In our study, perforin-positive cardiac inflammation was associated with worse outcome in a multivariate analysis adjusted for sex and age, recapitulating earlier findings by Escher et al. [49] Evidence of any type of cardiac inflammation in EMB, regardless of severity, was not associated with all-cause mortality in our population which was not preselected for high pretest probability of (post)myocarditis. Immunosuppressive therapy of virus-negative inflammatory cardiomyopathy has been investigated in the TIMIC study suggesting positive effects only in selected patients [50], a concept that is supported by the results of our study.

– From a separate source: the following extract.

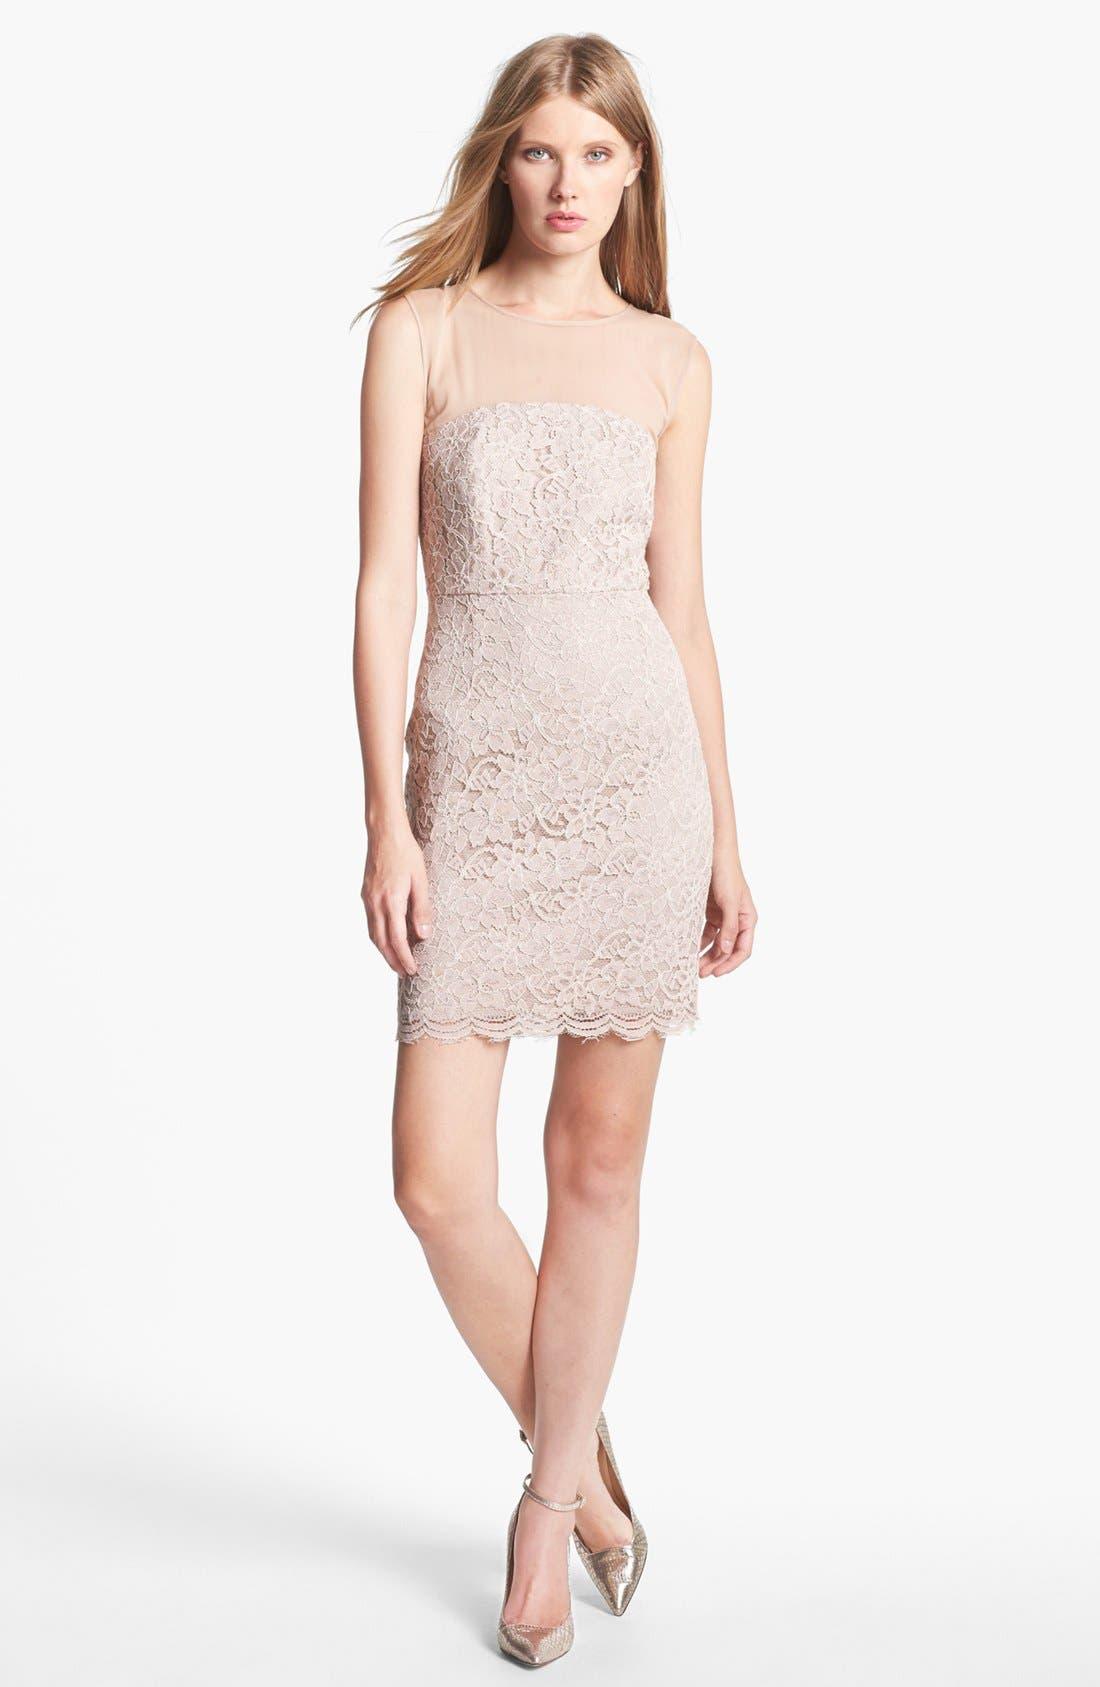 Alternate Image 1 Selected - Diane von Furstenberg 'Nisha' Lace Sheath Dress

Interestingly, patients with CA showed high 1- and 5-year mortality rates, and evidence of CA was independently associated with mortality in our population, even after multiple adjustments for possible confounders. As cardiac involvement has a major prognostic impact in amyloidosis, current staging systems incorporate the extent of cardiac involvement as measured by serum markers in both AL-CA [51‐53] and ATTR-CA [54]. Contemporary treatment options have significantly improved survival of patients not only with AL amyloidosis [55] but also with ATTR amyloidosis [56]. Survival of patients with ATTR-CA is significantly better in patients with early-stage ATTR-CA (> 100 months) compared to more advanced stages [57]. An early diagnosis is, therefore, mandatory in both AL-CA and ATTR-CA, a concept that is further supported by our study.

According to current guidelines, the diagnosis of HF requires the presence of symptoms and/or signs of HF as well as objective evidence of cardiac dysfunction [3]. The proposed diagnostic algorithm includes an evaluation of risk factors, symptoms and signs of HF, electrocardiogram, measurement of natriuretic peptides (i.e. NT-proBNP or BNP), as well as echocardiographic examination to stratify for HFrEF, HFmrEF and HFpEF. Further imaging modalities like cardiac magnetic resonance (CMR) as well as invasive testing (i.e. coronary angiography and endomyocardial biopsy) should only be considered under appropriate conditions. For example, invasive coronary angiography is solely recommended in patients with angina despite pharmacological therapy or symptomatic ventricular arrhythmias (class I, level of evidence B) and endomyocardial biopsy should be considered in patients with rapidly progressive HF despite standard therapy and a high probability of a specific diagnosis (class IIa, level of evidence C). In our study, indication to perform EMB was based on the EMB guidelines that date back to 2007 [4]. Given the potential impact of EMB on risk stratification and disease management of non-ischemic and non-valvular HF, the results of our study call for new prospective trials to test the usefulness of a holistic work-up of HF including EMB to increase the level of evidence.